Radni są zdeterminowani i chcą dowiedzieć się od miasta, dlaczego dopuszczono do zagrożenia funkcjonowania oddziałów, w tym ortopedii, pozbawiając Gliwice takiej opieki i narażając pacjentów na utrudnienia oraz podróże po Śląsku.
- Zgodnie z prawem, sesja musi zostać zwołana - mówi dr Zbigniew Wygoda, radny PO, jeden z inicjatorów zwołania sesji. I na 13 lipca  zaprasza rodziców, lekarzy, pielęgniarki i wszystkich, którym nie jest obojętny stan miejskiej służby zdrowia.

Pod wnioskiem podpisali się radni Platformy Obywatelskiej i SLD, a  istotnym zapisem projektu uchwały jest ten wskazujący na brak skutecznego działania zarządu szpitala, którego efektem jest ograniczenie dostępności do świadczeń zdrowotnych. Radni apelują także do prezydenta, żeby, jako właściciel spółki, podjął kroki zmierzające do wyeliminowania zapaści kadrowej. Jednym słowem, chodzi o zmianę kierownictwa szpitala, choć radni nie napisali tego wprost.
      
Nie wiadomo, jak przebiegnie głosowanie, ale należy się spodziewać, że radni proprezydenckiej Koalicji dla Gliwic Zygmunta Frankiewicza oraz PiS będą przeciwni.  Liczy się jednak to, że problem upubliczniono i trafił pod dyskusję.

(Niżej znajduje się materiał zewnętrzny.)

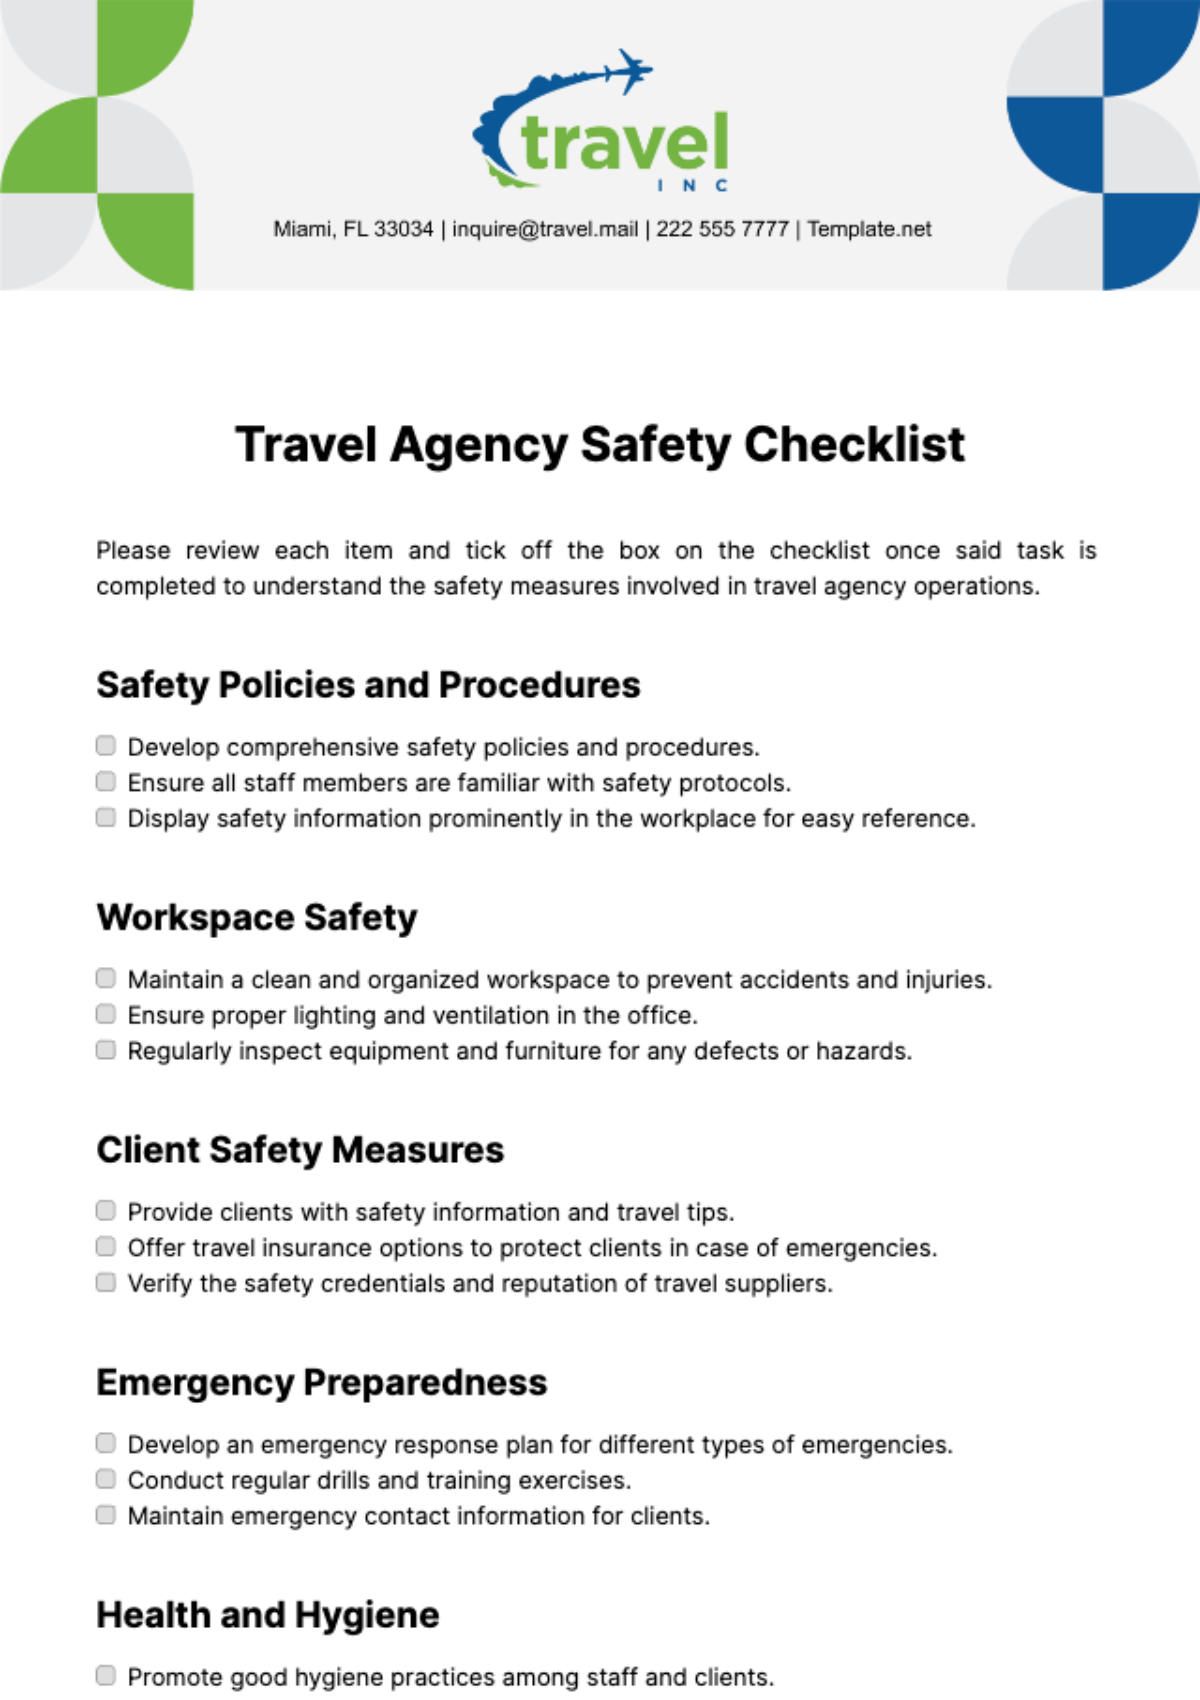 Travel Agency Safety Checklist Template

Na  FB powstał specjalny profil „Wszyscy na sesję Rady Miasta Gliwice!”, a założyły  go organizatorki „Marszu dla chirurgii dzieci”. -  Zapraszamy wszystkich zainteresowanych i chętnych do walki o godną służbę zdrowia w Gliwicach na otwartą sesję, zwołaną specjalnie dla nas. Musimy tam być.  Byliście z nami na marszu, bądźcie i teraz, aby osobiście powiedzieć władzom miasta, czego od nich oczekujemy -  tak zachęcają do udziału w sesji Martyna Gorlin -Wasyłenko i Beata Kaniowska.